*Action item*.
Output, word for word, the line that contains "Eine Pizza im" and all lines following it to the end of the listing. Drop the pictures.

*Collected data*.
* * * *

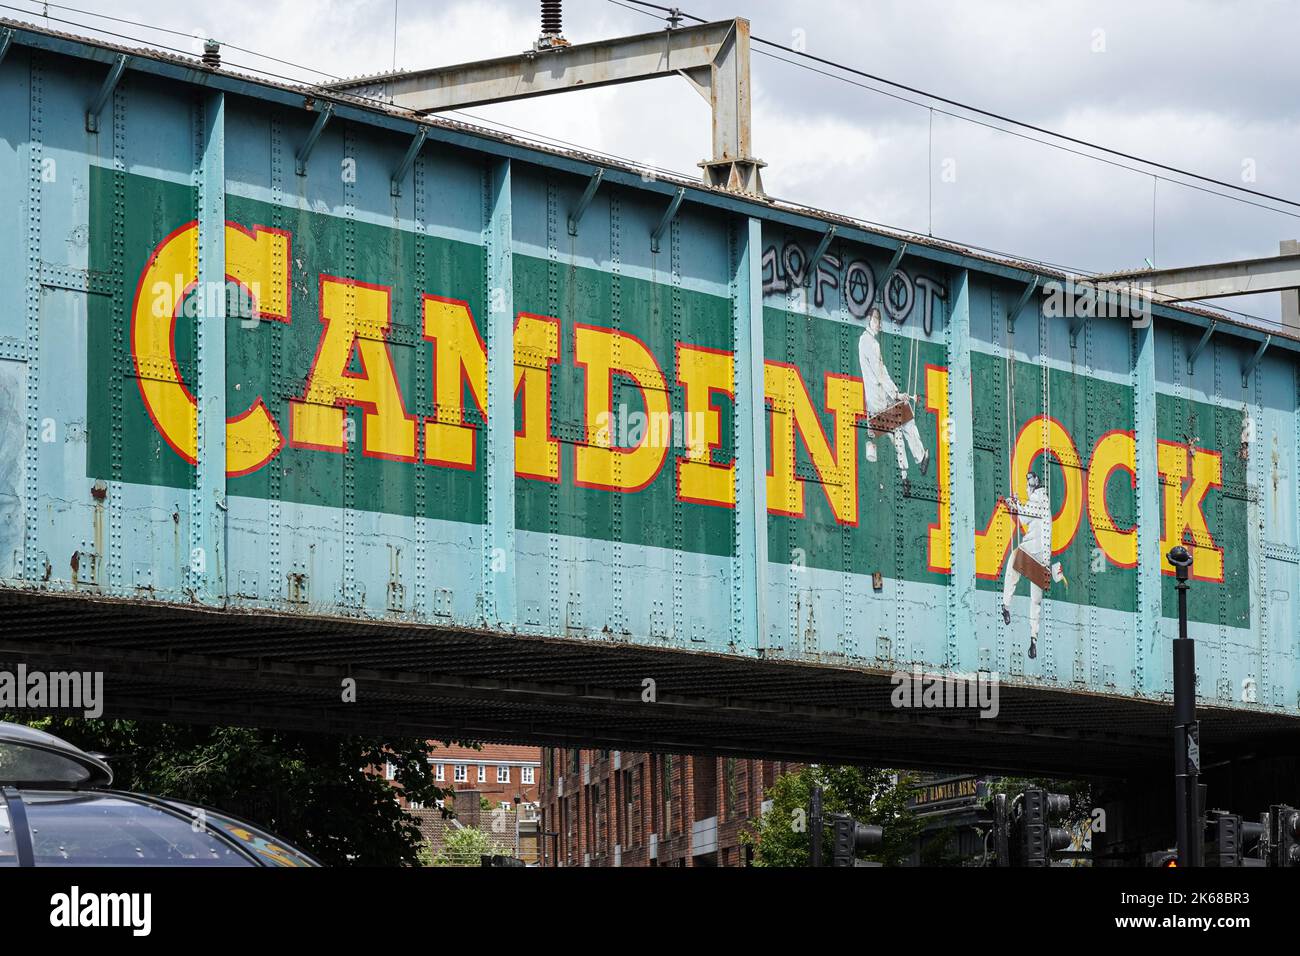 Pont de chemin de fer Camden Lock au-dessus de Camden High Street, Camden Town, Londres Angleterre Royaume-Uni Banque D'Images
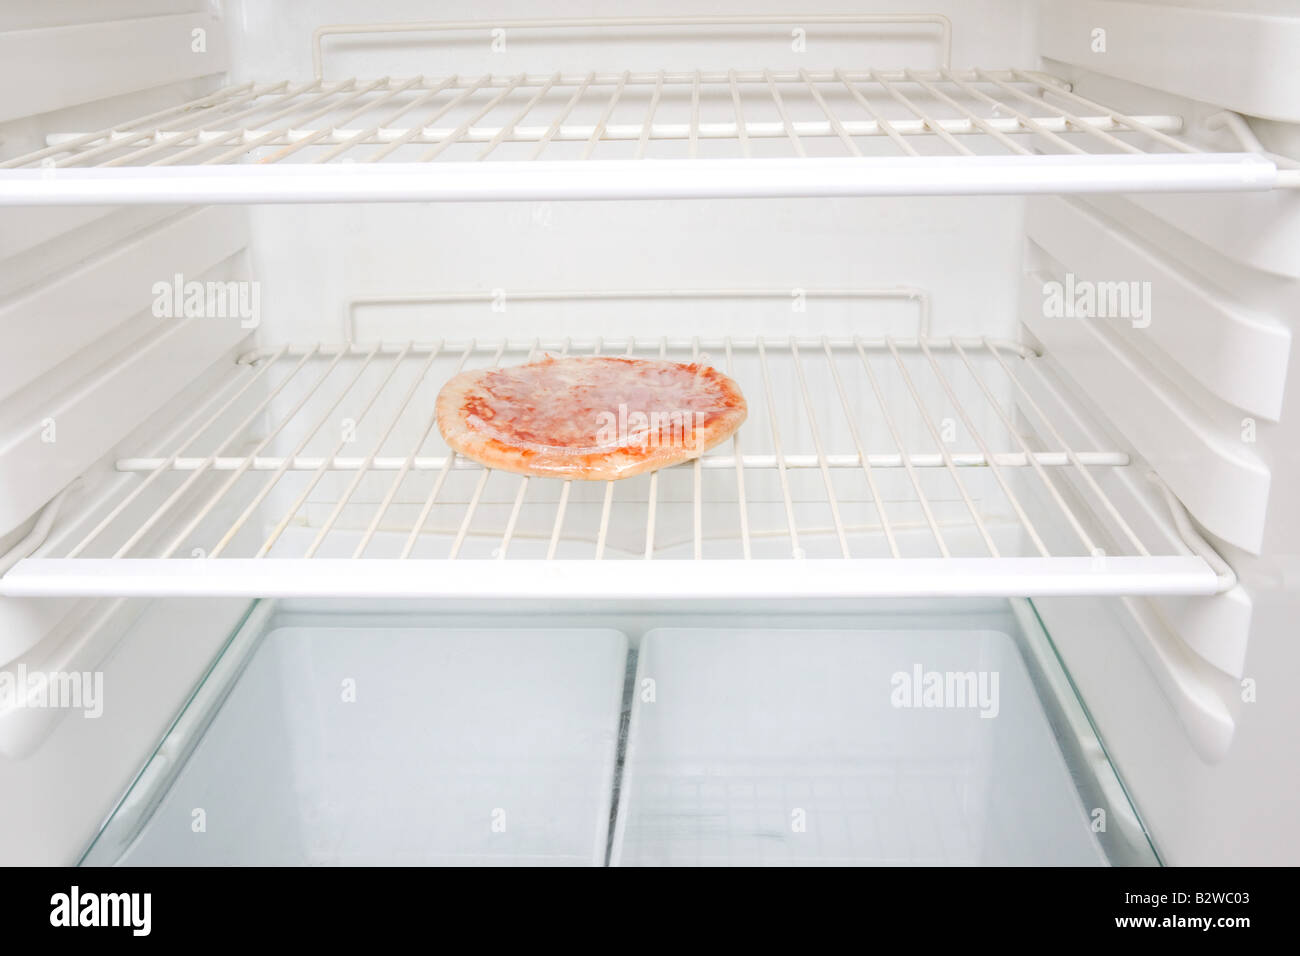 Eine Pizza im Kühlschrank Stockfotografie - Alamy
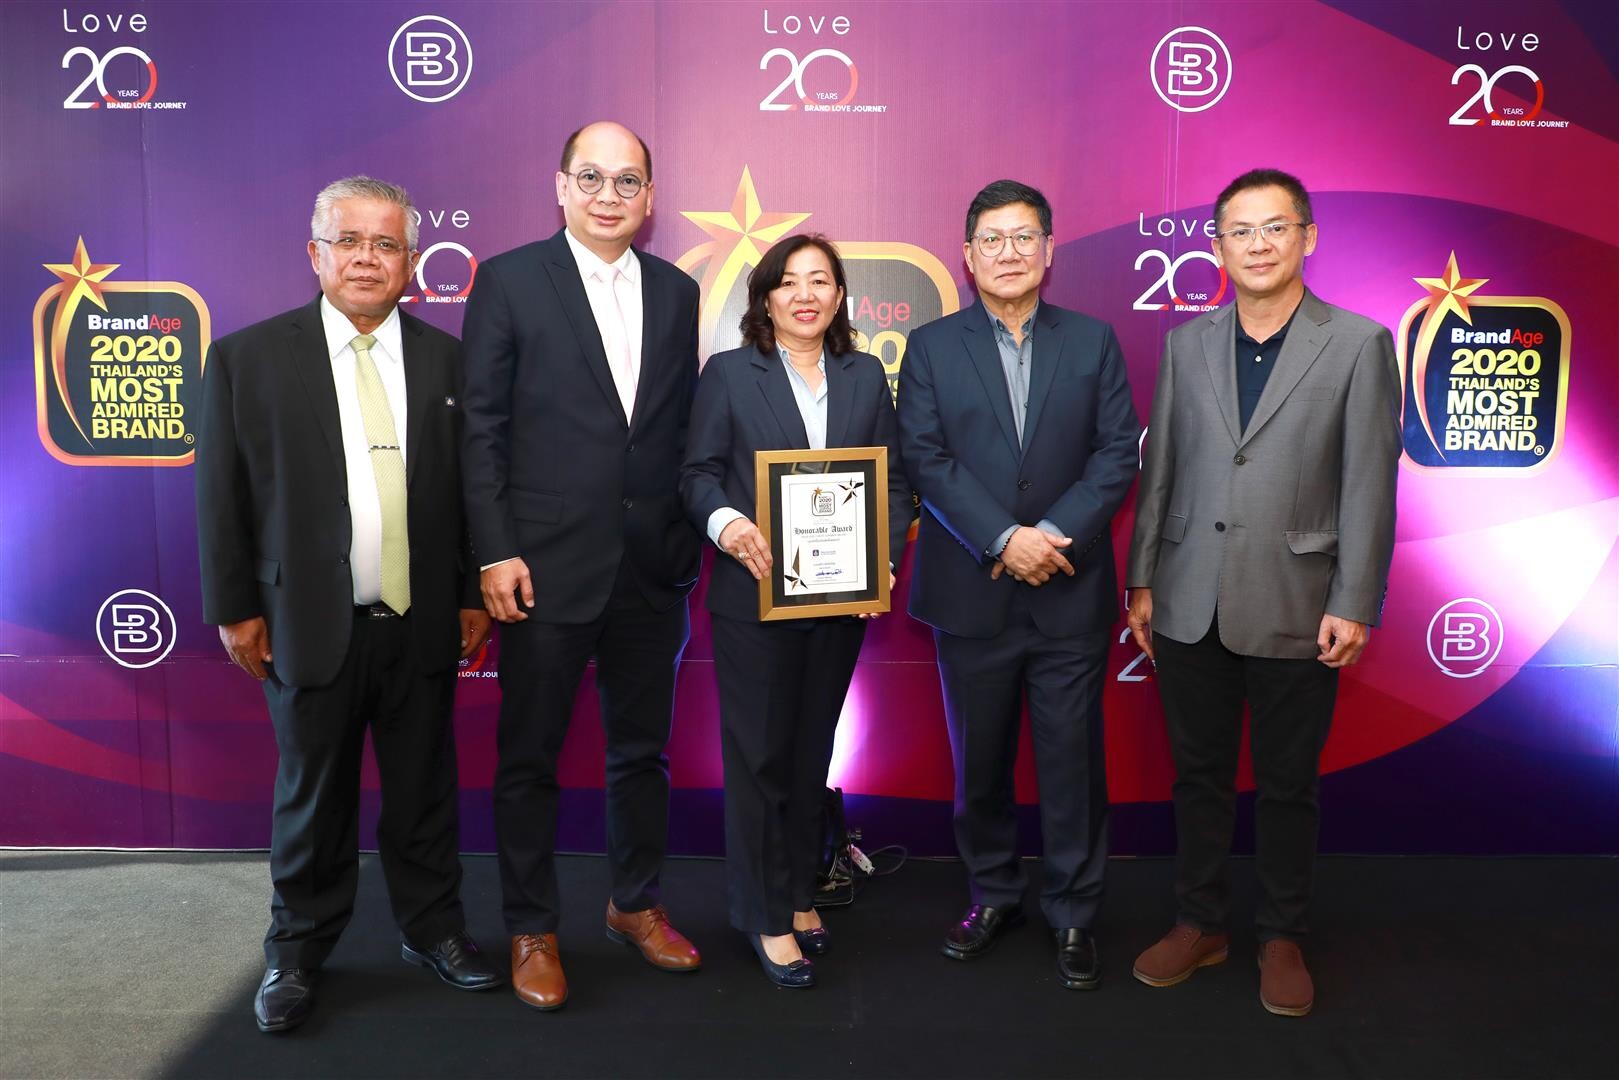 วิริยะประกันภัย รับรางวัล “Thailand's Most Admired Brand” ผู้นำกลุ่มประกันภัย ครองความน่าเชื่อถือสูงสุด 17 ปี ต่อเนื่อง

* * * *

*Result of this exercise*.
 Eine Pizza im Kühlschrank Stockfotografie - Alamy
 วิริยะประกันภัย รับรางวัล “Thailand's Most Admired Brand” ผู้นำกลุ่มประกันภัย ครองความน่าเชื่อถือสูงสุด 17 ปี ต่อเนื่อง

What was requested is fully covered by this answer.